A persistently high average delay serves as a red flag and a warning signal that deeper structural or logistical issues may be affecting SMX’s performance. When delays happens this frequently, they point to underlying inefficiencies such as how flights are handled on the ground, how schedules are managed, or how resources are allocated. These issues would ultimately diminish the passenger satisfaction. Addressing these problems can improve day-to-day performance and create a more stable and predictable schedule for both airlines and passengers.

## For Airlines Serving SMX
Airlines may need to re-evaluate on how they manage their operations at this smaller airport. This could involve turnaround procedures, ground handling processes or adjusting scheduled block times so that flight plans can maximize on-time departures. Airlines might also consider collaborating more closely with airport management to improve staffing adequacy at SMX.
Because small airports are more sensitive to operational issues, even modest improvements can lead to noticeable gains in overall punctuality.

## For Passengers

Passengers flying through SMX should be prepared for a higher risk of late departures.
Awareness of this pattern helps passengers to plan more effectively, whether being more flexible with their itineraries or allowing extra time for connections. A little foresight can help reduce the stress associated with an airport known for slower departures.

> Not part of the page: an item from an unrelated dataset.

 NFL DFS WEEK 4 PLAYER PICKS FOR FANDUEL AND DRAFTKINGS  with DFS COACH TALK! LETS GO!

## For Policy and Infrastructure Planning
Identifying SMX as an airport with unusually high average delays helps highlight where targeted investments could have a meaningful effect. Small upgrades like expanding gate access, improving ground-service capacity, or adjusting scheduling practices may significantly reduce delays. 

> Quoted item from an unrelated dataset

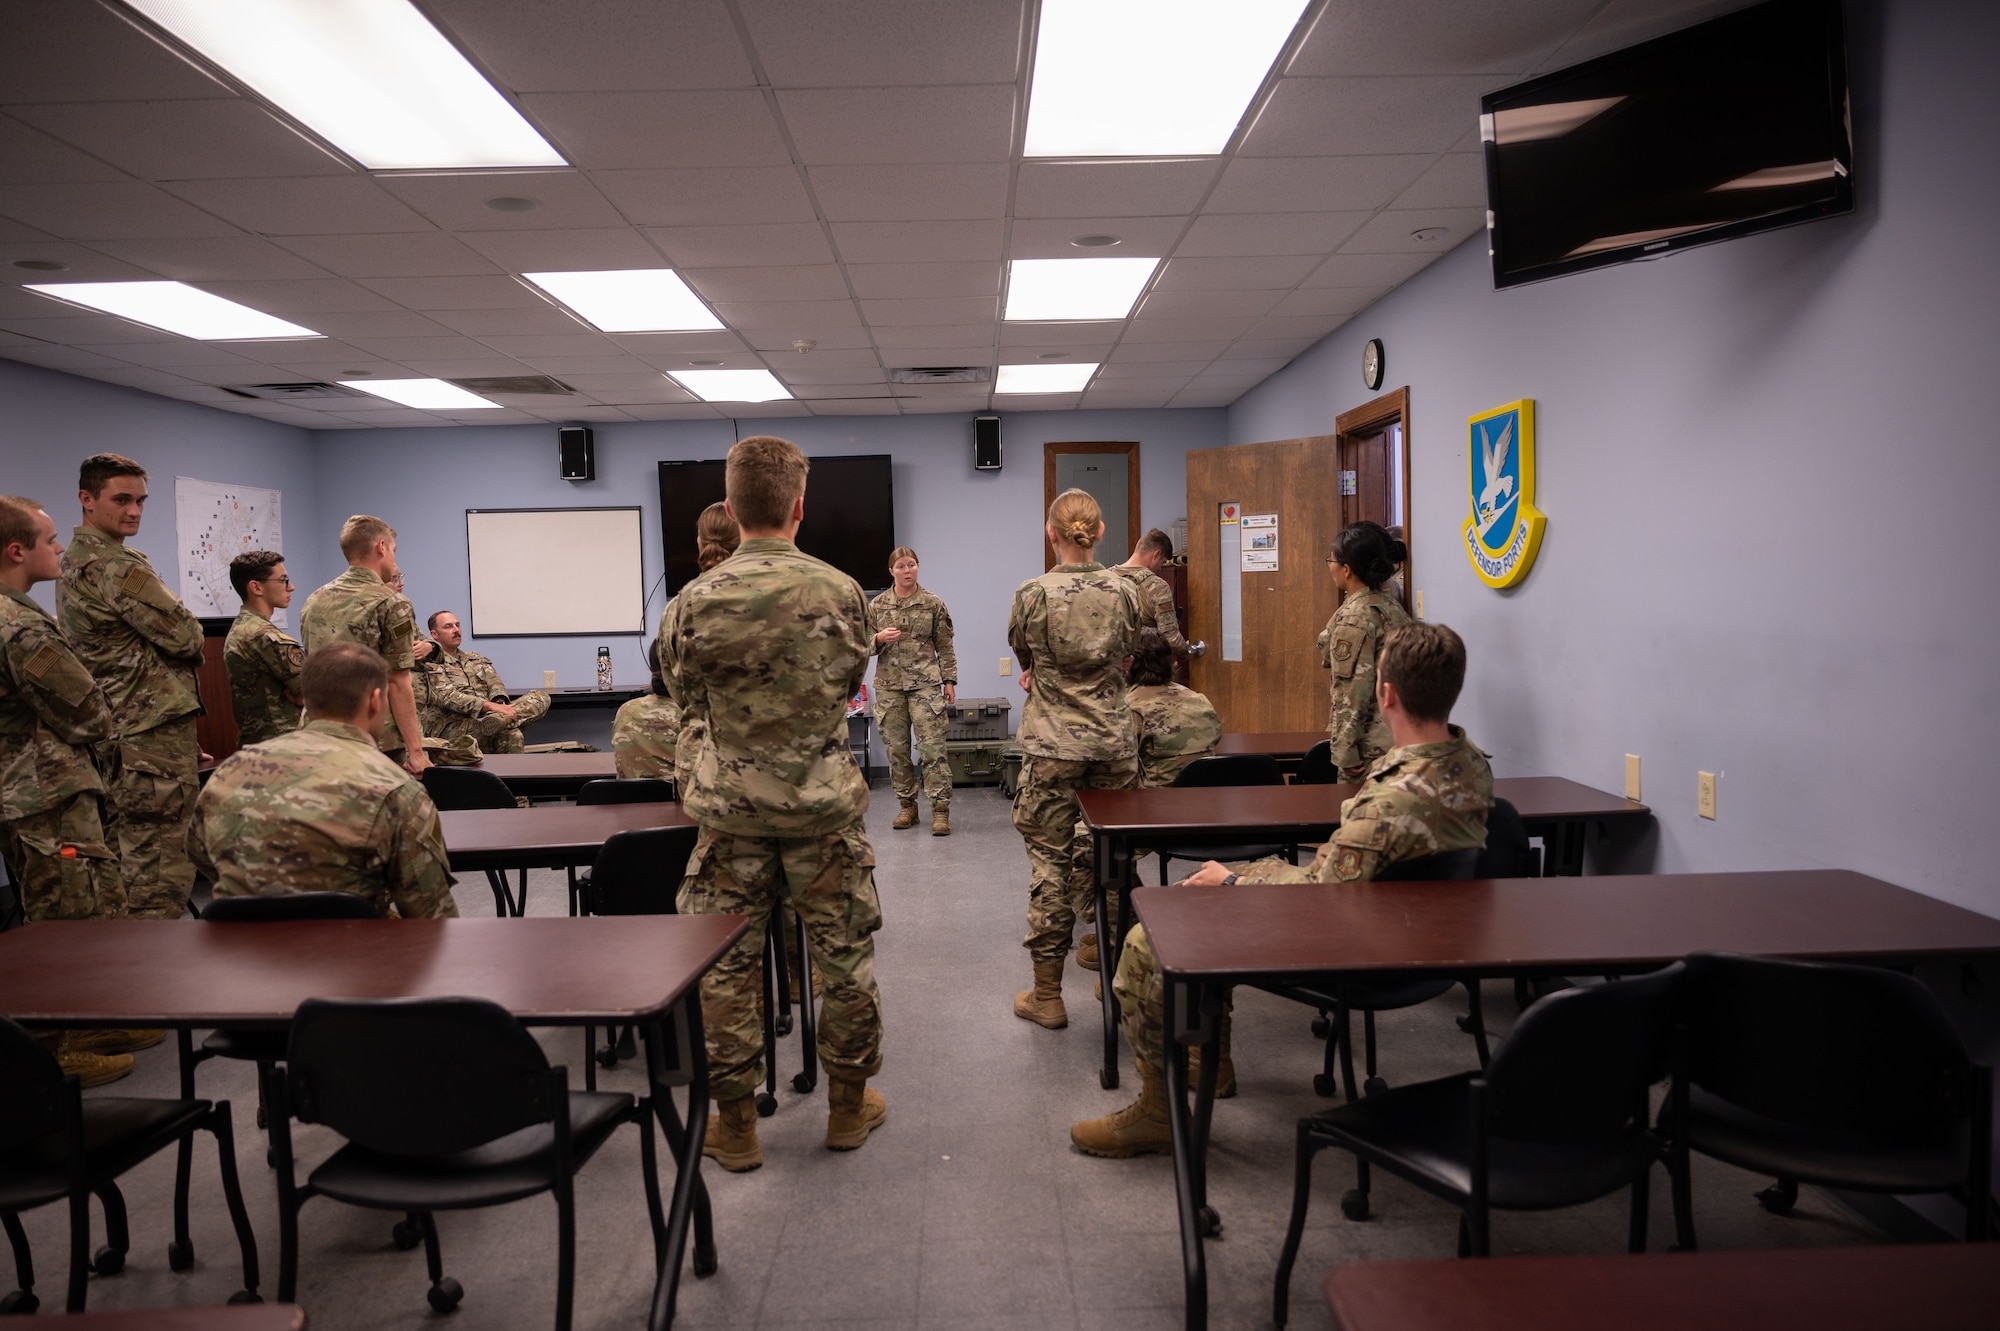 Members of the 4th Security Forces Squadron explain their unit’s daily operations to Air Force Reserve Officers’ Training Corps cadets during a tour at Seymour Johnson Air Force Base, North Carolina, August 3, 2023. ROTC develops the future leaders by preparing cadets to become officers while earning a college degree. (U.S. Air Force photo by Airman 1st Class Rebecca Sirimarco-Lang)

### Story: Airline-Specific Airports with the Highest Average Departure Delay

For each airline, identifying the airport where it experiences the highest average departure delay reveals problems at the airport level that aren’t visible in broader airline-wide statistics. Instead of looking at overall airline performance, this analysis pinpoints where each airline struggles the most in its network.

**Task 5:**  For each airline find an airport where it has the highest average departure delay. Output an airline name, a name of the airport that has the highest average delay, and the value of that average delay.


In [None]:
# Display the dataframe for Task 5
task5_df

In [None]:
# Plot task 5 results with dot plot
sns.set_theme(style="whitegrid")

# Sort by delay 
df = task5_df.sort_values("Highest_Average_Delay", ascending=True).reset_index(drop=True)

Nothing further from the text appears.